DESCRIPTION OF THE TASK >> Reproduce exactly the lines that run from the start of the records below to the line with "William Morris Inspired Table Rug.jpg", inclusive.

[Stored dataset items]
++++++
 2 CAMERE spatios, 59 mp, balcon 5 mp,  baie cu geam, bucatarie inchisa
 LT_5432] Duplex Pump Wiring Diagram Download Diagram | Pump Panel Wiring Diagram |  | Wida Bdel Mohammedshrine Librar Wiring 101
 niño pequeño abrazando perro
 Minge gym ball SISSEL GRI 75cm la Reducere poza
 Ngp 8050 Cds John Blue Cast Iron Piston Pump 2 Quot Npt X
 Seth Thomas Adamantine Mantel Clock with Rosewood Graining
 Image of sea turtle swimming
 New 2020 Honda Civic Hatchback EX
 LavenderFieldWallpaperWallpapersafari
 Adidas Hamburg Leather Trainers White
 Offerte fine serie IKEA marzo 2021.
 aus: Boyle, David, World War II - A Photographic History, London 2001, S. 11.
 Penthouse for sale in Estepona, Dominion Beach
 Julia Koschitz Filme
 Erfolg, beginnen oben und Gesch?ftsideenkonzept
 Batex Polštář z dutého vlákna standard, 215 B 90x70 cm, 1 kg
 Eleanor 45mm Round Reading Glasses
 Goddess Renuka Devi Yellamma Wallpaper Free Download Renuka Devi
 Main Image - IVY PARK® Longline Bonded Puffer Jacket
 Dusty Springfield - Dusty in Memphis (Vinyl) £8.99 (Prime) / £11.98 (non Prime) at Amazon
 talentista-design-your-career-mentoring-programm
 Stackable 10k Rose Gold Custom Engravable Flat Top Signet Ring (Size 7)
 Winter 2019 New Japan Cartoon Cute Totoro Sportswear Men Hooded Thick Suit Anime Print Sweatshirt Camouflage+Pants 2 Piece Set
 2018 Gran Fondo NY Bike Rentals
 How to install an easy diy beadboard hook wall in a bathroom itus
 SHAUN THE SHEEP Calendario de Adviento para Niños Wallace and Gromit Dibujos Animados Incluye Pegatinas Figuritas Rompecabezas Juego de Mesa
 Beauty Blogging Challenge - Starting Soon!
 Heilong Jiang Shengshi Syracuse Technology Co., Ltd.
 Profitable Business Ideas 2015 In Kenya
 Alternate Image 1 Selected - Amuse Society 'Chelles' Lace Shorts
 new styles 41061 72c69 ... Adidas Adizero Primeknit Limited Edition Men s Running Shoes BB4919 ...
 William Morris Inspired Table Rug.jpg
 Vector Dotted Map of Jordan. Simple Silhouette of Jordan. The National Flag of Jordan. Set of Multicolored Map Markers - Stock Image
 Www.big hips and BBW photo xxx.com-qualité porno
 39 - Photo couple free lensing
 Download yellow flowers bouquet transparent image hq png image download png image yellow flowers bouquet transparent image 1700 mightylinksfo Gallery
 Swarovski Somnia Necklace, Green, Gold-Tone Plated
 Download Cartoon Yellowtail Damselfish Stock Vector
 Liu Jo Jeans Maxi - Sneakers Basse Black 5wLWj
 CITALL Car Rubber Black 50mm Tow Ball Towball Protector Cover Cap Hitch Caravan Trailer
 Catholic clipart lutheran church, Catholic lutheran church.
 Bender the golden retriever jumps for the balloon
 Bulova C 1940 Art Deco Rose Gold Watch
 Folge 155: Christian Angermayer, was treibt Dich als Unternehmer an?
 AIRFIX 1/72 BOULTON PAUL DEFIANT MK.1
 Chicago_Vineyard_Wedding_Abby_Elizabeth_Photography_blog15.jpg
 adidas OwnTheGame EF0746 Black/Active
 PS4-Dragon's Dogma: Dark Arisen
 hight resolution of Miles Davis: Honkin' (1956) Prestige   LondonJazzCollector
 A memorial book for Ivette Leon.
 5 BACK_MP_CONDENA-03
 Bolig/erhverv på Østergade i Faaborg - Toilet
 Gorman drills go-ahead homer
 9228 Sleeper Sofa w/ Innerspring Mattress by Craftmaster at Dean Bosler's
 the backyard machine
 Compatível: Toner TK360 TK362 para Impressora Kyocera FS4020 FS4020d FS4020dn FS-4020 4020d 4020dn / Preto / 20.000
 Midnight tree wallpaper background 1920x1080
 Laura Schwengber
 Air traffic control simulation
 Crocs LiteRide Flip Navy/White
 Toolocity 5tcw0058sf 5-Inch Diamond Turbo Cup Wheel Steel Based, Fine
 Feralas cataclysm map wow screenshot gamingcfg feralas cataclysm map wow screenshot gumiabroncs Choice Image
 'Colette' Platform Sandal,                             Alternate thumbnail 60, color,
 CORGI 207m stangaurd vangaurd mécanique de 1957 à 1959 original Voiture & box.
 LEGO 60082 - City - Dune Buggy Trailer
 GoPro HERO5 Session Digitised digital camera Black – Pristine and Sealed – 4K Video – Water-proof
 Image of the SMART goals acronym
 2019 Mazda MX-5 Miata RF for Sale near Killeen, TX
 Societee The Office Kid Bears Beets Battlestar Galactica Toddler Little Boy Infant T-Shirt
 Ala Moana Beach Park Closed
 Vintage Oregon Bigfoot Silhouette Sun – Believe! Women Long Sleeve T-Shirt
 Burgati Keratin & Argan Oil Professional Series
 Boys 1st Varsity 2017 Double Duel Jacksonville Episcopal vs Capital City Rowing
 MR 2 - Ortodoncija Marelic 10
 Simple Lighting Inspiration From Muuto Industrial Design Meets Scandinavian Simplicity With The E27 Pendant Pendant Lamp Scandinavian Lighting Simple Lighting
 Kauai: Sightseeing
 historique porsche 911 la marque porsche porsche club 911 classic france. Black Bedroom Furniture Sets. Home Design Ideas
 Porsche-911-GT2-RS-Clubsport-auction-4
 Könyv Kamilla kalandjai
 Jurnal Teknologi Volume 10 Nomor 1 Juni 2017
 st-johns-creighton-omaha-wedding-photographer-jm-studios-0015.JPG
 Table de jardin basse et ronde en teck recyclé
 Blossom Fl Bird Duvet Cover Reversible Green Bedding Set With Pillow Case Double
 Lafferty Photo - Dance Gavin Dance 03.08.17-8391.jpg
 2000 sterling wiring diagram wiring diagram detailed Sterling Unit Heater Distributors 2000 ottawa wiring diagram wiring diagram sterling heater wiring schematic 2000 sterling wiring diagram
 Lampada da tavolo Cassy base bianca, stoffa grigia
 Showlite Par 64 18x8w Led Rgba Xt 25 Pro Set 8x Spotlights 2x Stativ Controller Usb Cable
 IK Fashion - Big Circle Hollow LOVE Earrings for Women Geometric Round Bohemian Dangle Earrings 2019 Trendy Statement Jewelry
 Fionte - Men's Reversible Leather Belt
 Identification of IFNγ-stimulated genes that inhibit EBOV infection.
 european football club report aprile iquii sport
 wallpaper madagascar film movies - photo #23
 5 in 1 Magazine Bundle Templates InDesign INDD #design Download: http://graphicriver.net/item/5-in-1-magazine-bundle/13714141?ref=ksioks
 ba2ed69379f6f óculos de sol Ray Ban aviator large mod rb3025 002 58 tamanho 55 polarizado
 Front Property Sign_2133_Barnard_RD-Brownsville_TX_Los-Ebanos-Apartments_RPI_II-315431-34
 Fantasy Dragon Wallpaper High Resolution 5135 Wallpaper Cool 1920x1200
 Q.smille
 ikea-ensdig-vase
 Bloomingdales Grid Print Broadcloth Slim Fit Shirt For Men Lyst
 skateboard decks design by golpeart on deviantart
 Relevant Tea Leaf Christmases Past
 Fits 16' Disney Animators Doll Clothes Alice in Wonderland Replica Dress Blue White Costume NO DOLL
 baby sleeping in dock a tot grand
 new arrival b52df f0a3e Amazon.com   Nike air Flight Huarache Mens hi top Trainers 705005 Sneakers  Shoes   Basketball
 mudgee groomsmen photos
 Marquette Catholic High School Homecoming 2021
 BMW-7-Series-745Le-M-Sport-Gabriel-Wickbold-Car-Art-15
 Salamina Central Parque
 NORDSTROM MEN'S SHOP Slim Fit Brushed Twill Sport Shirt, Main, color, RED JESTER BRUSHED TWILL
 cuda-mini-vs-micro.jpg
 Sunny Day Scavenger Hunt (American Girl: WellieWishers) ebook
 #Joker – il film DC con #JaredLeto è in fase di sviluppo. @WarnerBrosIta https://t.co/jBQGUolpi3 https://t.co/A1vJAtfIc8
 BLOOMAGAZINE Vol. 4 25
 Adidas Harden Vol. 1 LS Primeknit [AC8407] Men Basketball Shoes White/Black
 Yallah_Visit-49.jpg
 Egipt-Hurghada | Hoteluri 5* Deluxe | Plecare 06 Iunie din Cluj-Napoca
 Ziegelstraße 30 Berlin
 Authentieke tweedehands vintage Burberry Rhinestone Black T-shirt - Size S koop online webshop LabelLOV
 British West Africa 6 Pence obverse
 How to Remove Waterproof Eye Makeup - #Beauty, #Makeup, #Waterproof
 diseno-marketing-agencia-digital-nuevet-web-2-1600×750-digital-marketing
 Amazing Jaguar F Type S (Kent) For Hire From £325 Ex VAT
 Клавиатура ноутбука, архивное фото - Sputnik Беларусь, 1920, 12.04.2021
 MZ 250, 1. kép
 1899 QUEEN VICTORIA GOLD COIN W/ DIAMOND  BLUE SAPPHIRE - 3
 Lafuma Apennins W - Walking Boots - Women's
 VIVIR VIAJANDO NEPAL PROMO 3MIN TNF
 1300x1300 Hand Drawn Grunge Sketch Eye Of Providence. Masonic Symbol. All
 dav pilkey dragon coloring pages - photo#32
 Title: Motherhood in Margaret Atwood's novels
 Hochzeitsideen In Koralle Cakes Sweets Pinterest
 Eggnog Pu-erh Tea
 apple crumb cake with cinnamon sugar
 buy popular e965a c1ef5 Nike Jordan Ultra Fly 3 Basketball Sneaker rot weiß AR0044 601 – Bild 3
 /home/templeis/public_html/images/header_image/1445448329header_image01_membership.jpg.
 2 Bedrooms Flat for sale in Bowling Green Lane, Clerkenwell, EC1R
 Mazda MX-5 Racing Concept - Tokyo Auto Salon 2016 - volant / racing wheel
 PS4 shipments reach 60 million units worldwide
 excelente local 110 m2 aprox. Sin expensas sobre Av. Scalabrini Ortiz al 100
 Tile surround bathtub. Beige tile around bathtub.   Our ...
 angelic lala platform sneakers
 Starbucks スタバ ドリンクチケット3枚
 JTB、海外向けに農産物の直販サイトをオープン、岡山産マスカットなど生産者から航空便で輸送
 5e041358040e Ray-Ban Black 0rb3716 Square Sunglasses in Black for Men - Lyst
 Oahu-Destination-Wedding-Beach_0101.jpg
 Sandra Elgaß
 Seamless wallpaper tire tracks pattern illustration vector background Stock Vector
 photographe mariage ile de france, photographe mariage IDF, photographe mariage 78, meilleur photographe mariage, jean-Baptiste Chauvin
++++++
THE ANSWER >>
 2 CAMERE spatios, 59 mp, balcon 5 mp,  baie cu geam, bucatarie inchisa
 LT_5432] Duplex Pump Wiring Diagram Download Diagram | Pump Panel Wiring Diagram |  | Wida Bdel Mohammedshrine Librar Wiring 101
 niño pequeño abrazando perro
 Minge gym ball SISSEL GRI 75cm la Reducere poza
 Ngp 8050 Cds John Blue Cast Iron Piston Pump 2 Quot Npt X
 Seth Thomas Adamantine Mantel Clock with Rosewood Graining
 Image of sea turtle swimming
 New 2020 Honda Civic Hatchback EX
 LavenderFieldWallpaperWallpapersafari
 Adidas Hamburg Leather Trainers White
 Offerte fine serie IKEA marzo 2021.
 aus: Boyle, David, World War II - A Photographic History, London 2001, S. 11.
 Penthouse for sale in Estepona, Dominion Beach
 Julia Koschitz Filme
 Erfolg, beginnen oben und Gesch?ftsideenkonzept
 Batex Polštář z dutého vlákna standard, 215 B 90x70 cm, 1 kg
 Eleanor 45mm Round Reading Glasses
 Goddess Renuka Devi Yellamma Wallpaper Free Download Renuka Devi
 Main Image - IVY PARK® Longline Bonded Puffer Jacket
 Dusty Springfield - Dusty in Memphis (Vinyl) £8.99 (Prime) / £11.98 (non Prime) at Amazon
 talentista-design-your-career-mentoring-programm
 Stackable 10k Rose Gold Custom Engravable Flat Top Signet Ring (Size 7)
 Winter 2019 New Japan Cartoon Cute Totoro Sportswear Men Hooded Thick Suit Anime Print Sweatshirt Camouflage+Pants 2 Piece Set
 2018 Gran Fondo NY Bike Rentals
 How to install an easy diy beadboard hook wall in a bathroom itus
 SHAUN THE SHEEP Calendario de Adviento para Niños Wallace and Gromit Dibujos Animados Incluye Pegatinas Figuritas Rompecabezas Juego de Mesa
 Beauty Blogging Challenge - Starting Soon!
 Heilong Jiang Shengshi Syracuse Technology Co., Ltd.
 Profitable Business Ideas 2015 In Kenya
 Alternate Image 1 Selected - Amuse Society 'Chelles' Lace Shorts
 new styles 41061 72c69 ... Adidas Adizero Primeknit Limited Edition Men s Running Shoes BB4919 ...
 William Morris Inspired Table Rug.jpg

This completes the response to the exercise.